LANAP vs SRP+Periostat+Arestin

This forum made possible through the generous support of SDN members, donors, and sponsors. Thank you.

TSDentSurg

Full Member
10+ Year Member
Joined
Aug 9, 2013
Messages
102
Reaction score
1
What are your views on LANAP as opposed to SRP+Periostat and/or Arestin? I use the latter, simply because I haven't learned LANAP yet (I'll probably learn it in Perio residency), but I find the theory behind it to be intriguing.

What do you believe the role of it is? As a step between SRP+abx and GBR, as a replacement for SRP+abx, what?

I've read some case reports of it obviating the need for GBR in some patients.

It seems like a pretty interesting procedure that could reduce the need for painful and invasive surgery.And lasers are always awesome!

Members don't see this ad.
 
What are your views on LANAP as opposed to SRP+Periostat and/or Arestin? I use the latter, simply because I haven't learned LANAP yet (I'll probably learn it in Perio residency), but I find the theory behind it to be intriguing.

What do you believe the role of it is? As a step between SRP+abx and GBR, as a replacement for SRP+abx, what?
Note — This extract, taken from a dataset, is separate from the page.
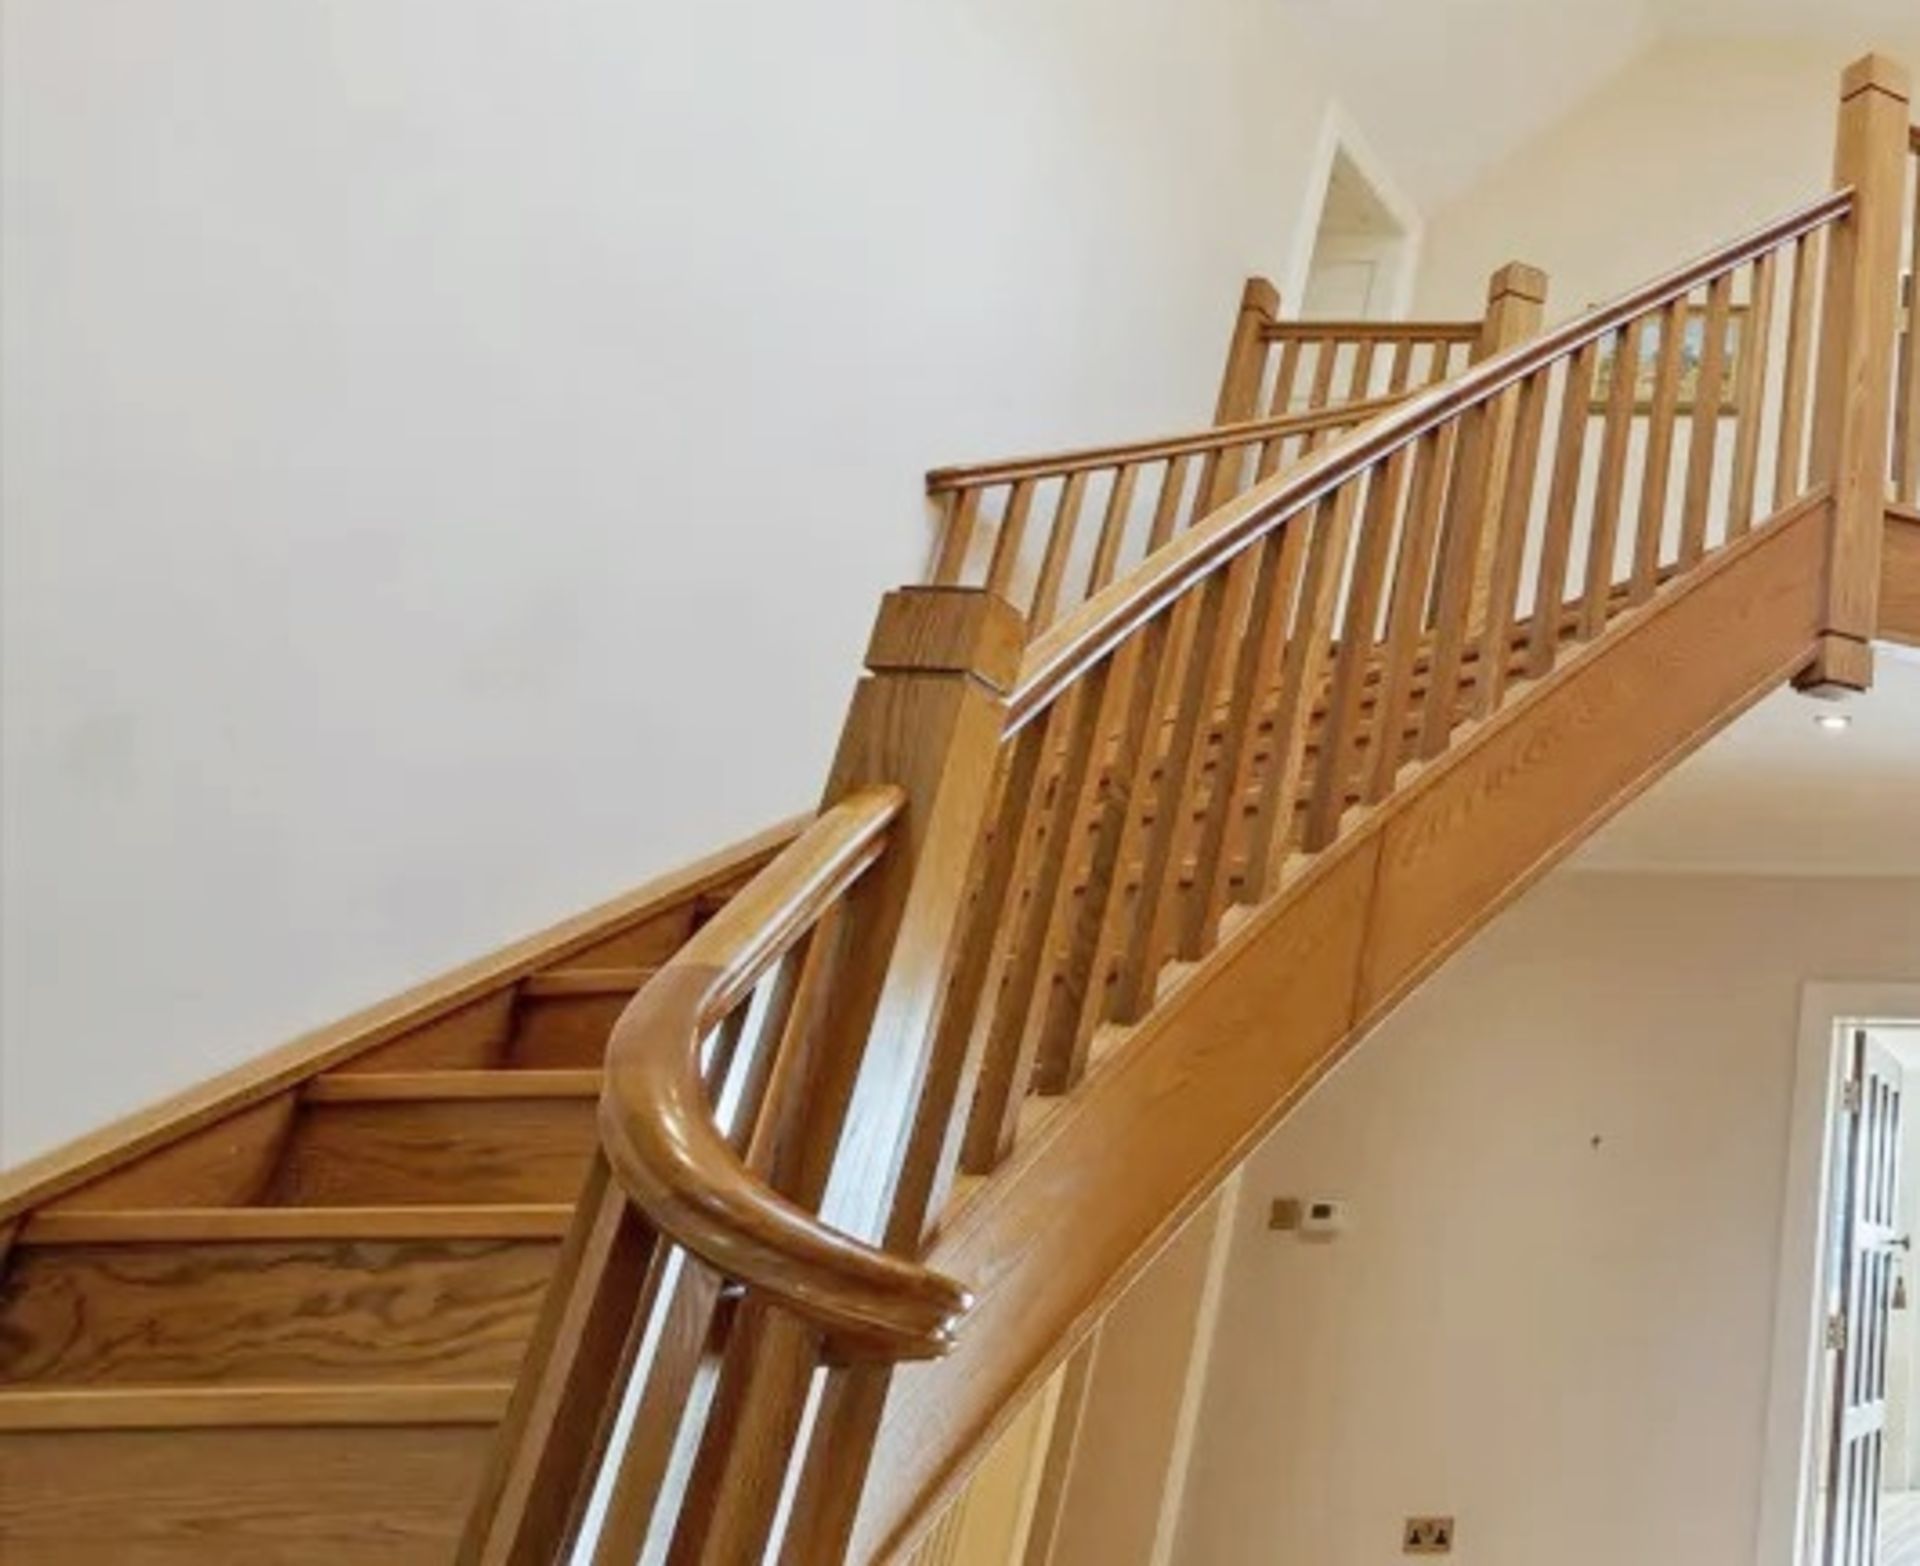 1 x Bespoke Stately 13-Step Curved Wooden Staircase - Image 5 of 5
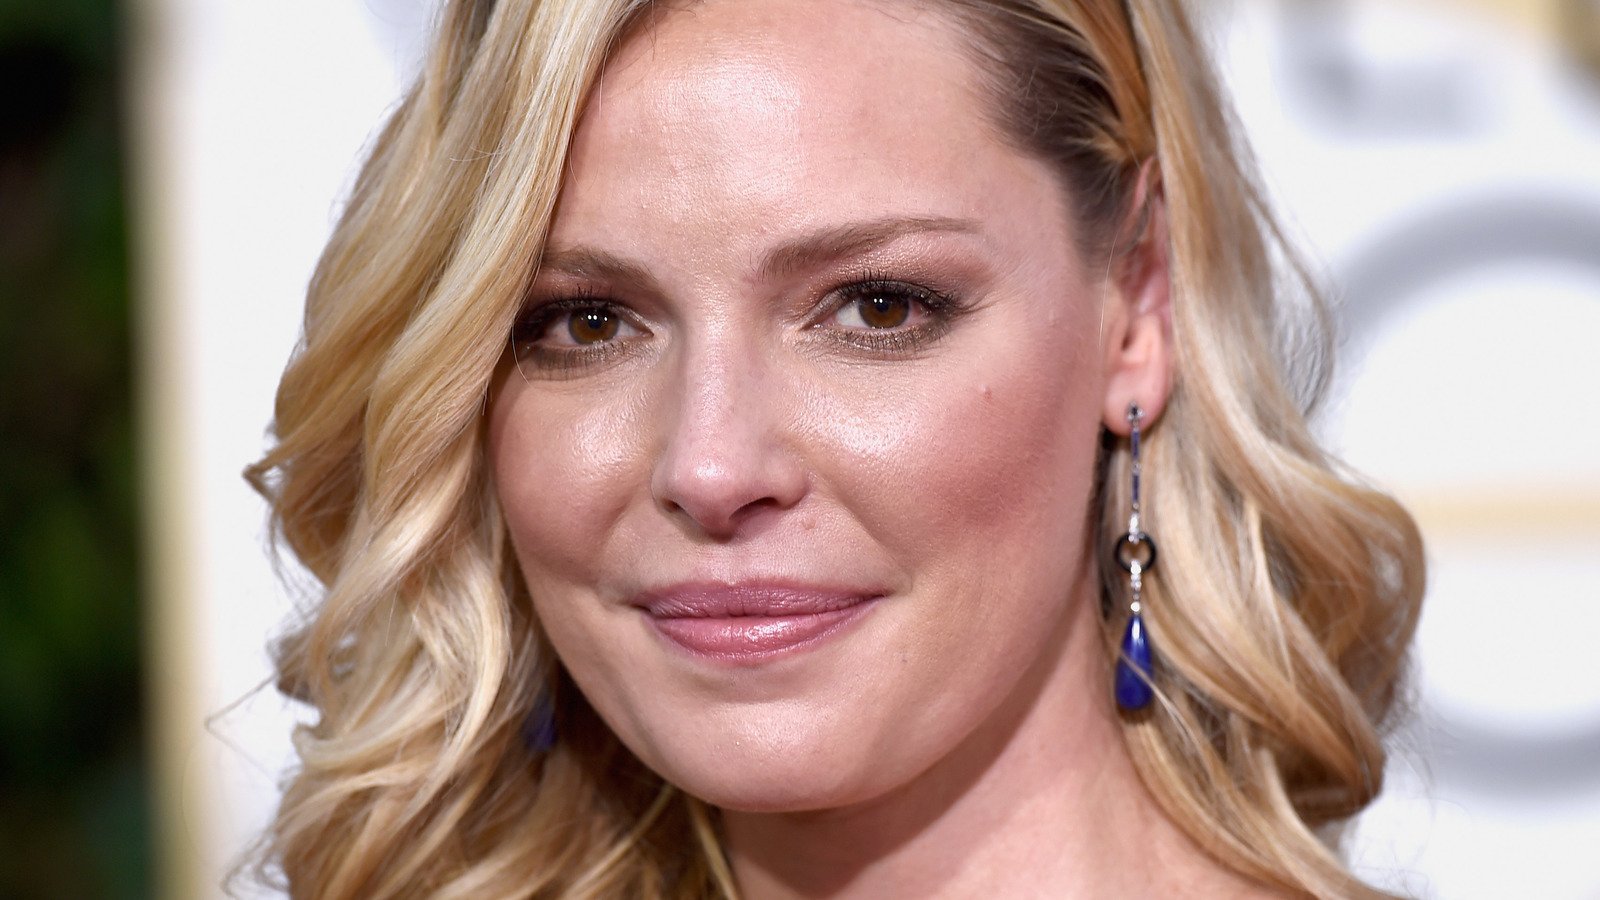 The Truth About Katherine Heigl's Battle With Anxiety

I've read some case reports of it obviating the need for GBR in some patients.

It seems like a pretty interesting procedure that could reduce the need for painful and invasive surgery.And lasers are always awesome!
LANAP i.e. the LASIK of periodontal gum disease tx. It's an innovative technique requiring innovative technology.

LANAP is apparently less invasive, reduces number of visits, and yields more consistent results. Seems like there are advantages in treating gum disease via regeneration rather than resectioning. Yay! Blasting bacteria with lasers while leaving healthy tissues intact.

SRP on the other hand, is a scaling technique.

The disadvantages I see here is that SRP alone can only get rid of plaque as far down into the gum line, and this technique doesn't seem less invasive at all. However, throwing ARESTIN into the equation provides antibiotic treatment which allows for residual bacteria to be killed/removed where SRP alone couldn't. Also, the therapeutic effects of ARESTIN is relatively continual even after the visit, but briefly.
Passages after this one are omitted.